Treatment to remove hexenuronic acid groups reduced the iron and manganese concentrations in the pulp in particular (Table 2). In this case, the reduction of iron was significantly greater than with the chelation treatment, and even the reduction of manganese was as great as with the chelation treatment.

Iron and manganese are among the most harmful metals for TCF bleaching, and the use of chelating agents can partially or completely replace the treatment to remove hexenuronic acid. If chelating agents are used, it is preferred to add them in connection with the treatment to remove the hexenuronic acid groups.

While the present invention has been described in relation to what is presently considered to be the most practical and preferred embodiments, it is not intended that the invention be limited to the disclosed embodiments, but, within the true spirit and scope of the appended claims. It is to be understood that it includes various modifications and equivalent configurations included in.

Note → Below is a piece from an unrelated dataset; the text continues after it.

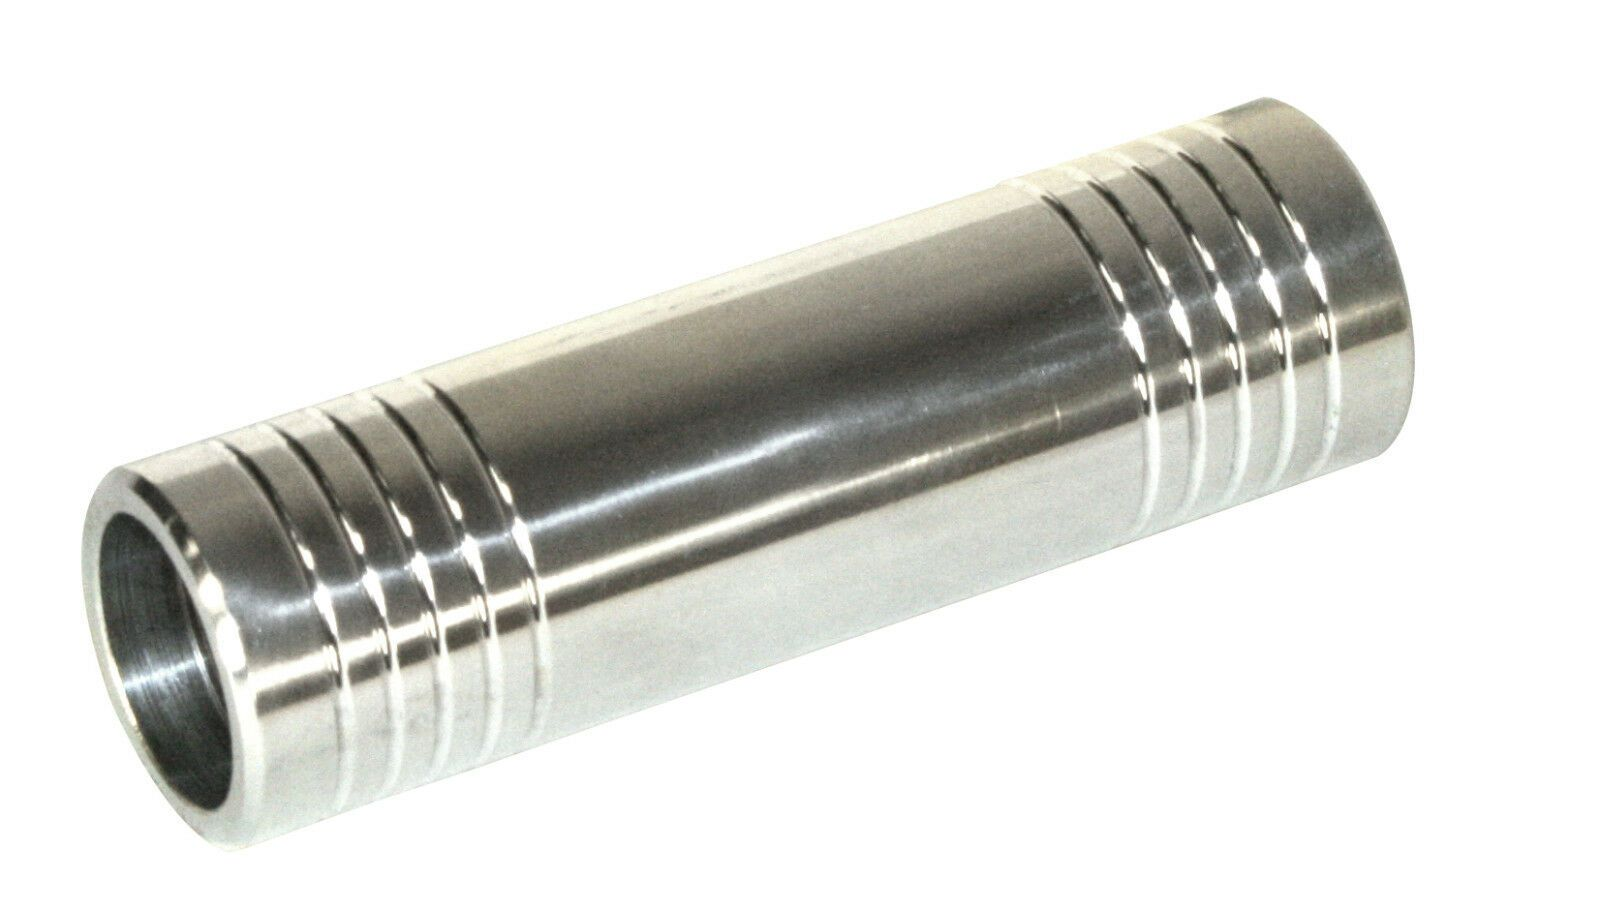 Manopla Freio de Mão em Aluminio Billet - VW/AR - Empi  - PRO-1 Serious Performance
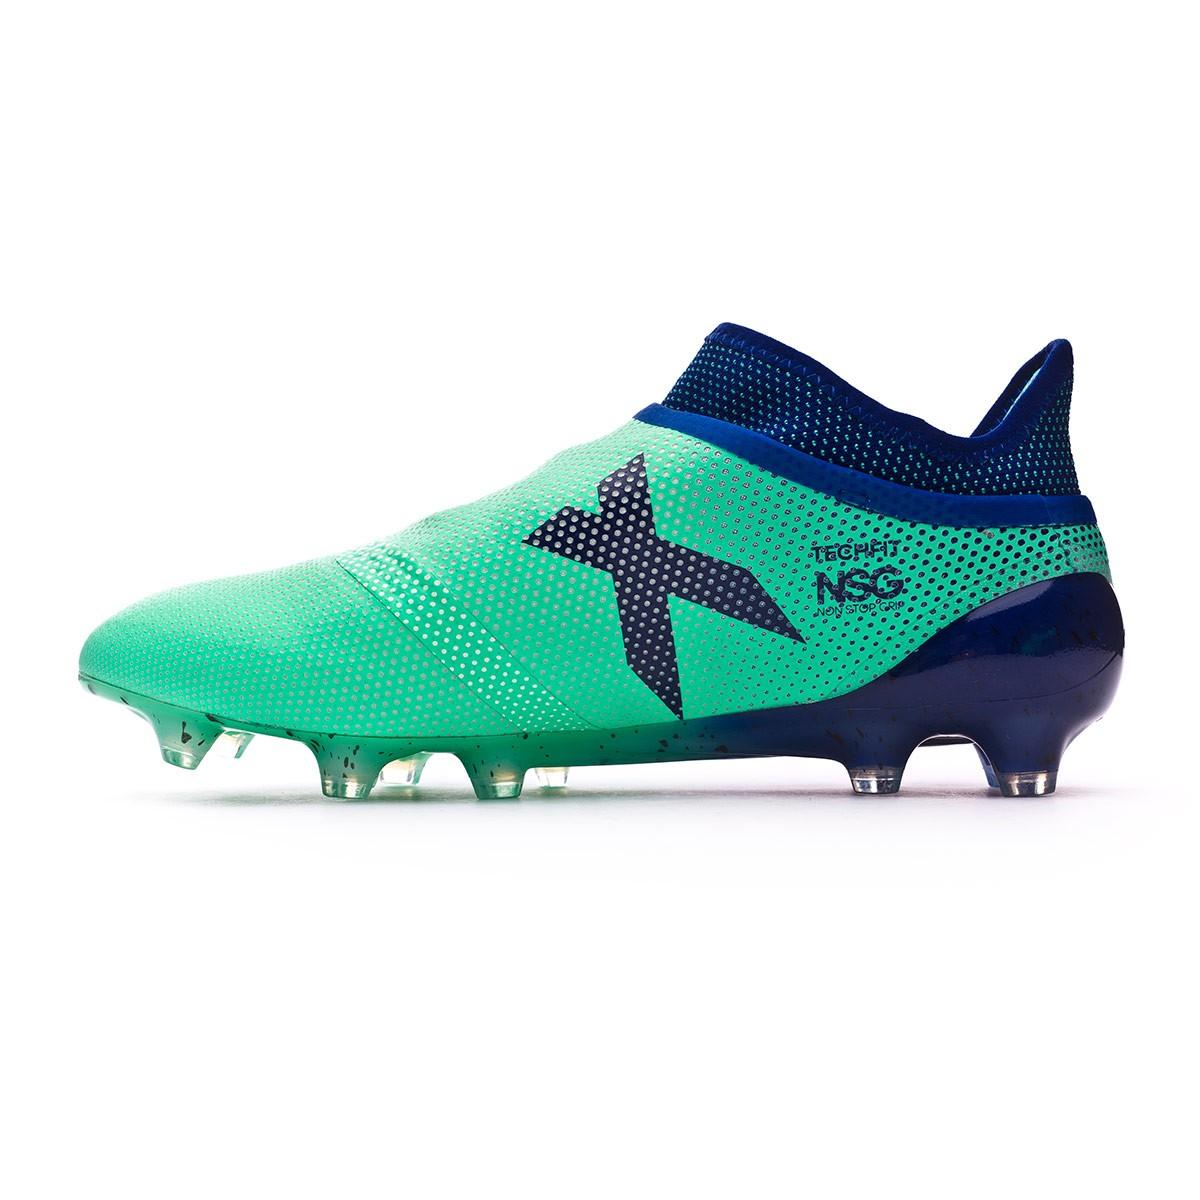 Teoría establecida deshonesto Café  Bota de fútbol adidas X 17+ Purespeed FG Aero green-Unity ink-Hi-res green  - Tienda de fútbol Fútbol Emotion

─────────────────────────────────────────────────── ─── Continuation of the front page (72) Inventor Telemann, Anita Finland 02-01 Espoo, Ranatier 7 B 7 (72) Inventor Tenkanen, Mayya Finland 02-03 Espoo, Soukanni Ementier 9 B (56 Reference: Japanese Patent Application Laid-Open No. 4-228690 (JP, A) Japanese Patent Application Laid-Open No. 5-148784 (JP, A) Acid Extraction The He Alkaline Wood Pulps (Kraft or Soda, AQ) Before or During Reaching Bleach. JOURTNA L OF WOOD SHEMISTRY AND TECHNOLOGY, USA, 1993, 13 2), 261-281 (58) investigated the field (Int.Cl. ^7, DB name) D21C 9/00 - 9/16

Claims (11)

(57) [Claims] 1. A method for treating a cellulose pulp having a kappa number lower than 24 produced by an alkaline method, wherein the cellulose pulp is treated at a temperature of 85 to 150 ° C. and a pH of 2 to 5 for a sufficient time, At least 50% of the hexenuronic acid groups in the cellulose pulp are removed, and the Kappa number of the pulp is reduced by 3 to 6 units, but the time is 5 minutes to 10 hours, and at least t (minute) = 0.5e.
^{(10517 / (T + 273) -24)} [where T (° C) is the temperature of the acid treatment] and the treatment is carried out in a continuous bleaching step before the chlorine dioxide step or before the ozone step or before the peracid step. A method for treating cellulose pulp, wherein the method is carried out to reduce the consumption of chlorine dioxide, ozone or peracid, respectively. 2. Cellulose pulp at a temperature of 90 ° C. is 1.5-6.
Treatment for 50 minutes to 5 hours at a temperature of 95 ° C,
The method according to claim 1, wherein the treatment is performed at a temperature of 100 ° C for 0.5 to 5 hours. 3. The method of claim 1 wherein the acid treated pulp is washed prior to the ozone bleaching step. 4. A process according to claim 1, wherein the acid treated pulp is bleached with chlorine dioxide without washing between stages. 5. The method of claim 1 wherein the acid treated pulp is washed prior to the peracid bleaching step. 6. The method according to claim 1, wherein the treatment is carried out at a consistency of 0.1 to 50%. 7. The method according to claim 1, wherein the treatment is carried out at a pH value of 2.5-4. 8. The method according to claim 1, wherein the pH of the cellulose pulp is set by an inorganic or organic acid. 9. The method according to claim 1, wherein the cellulose pulp is treated with oxygen before the treatment. 10. The method according to claim 1, wherein the temperature is 90 to 110 ° C. 11. The method according to claim 1, wherein the alkaline method is a sulfate method.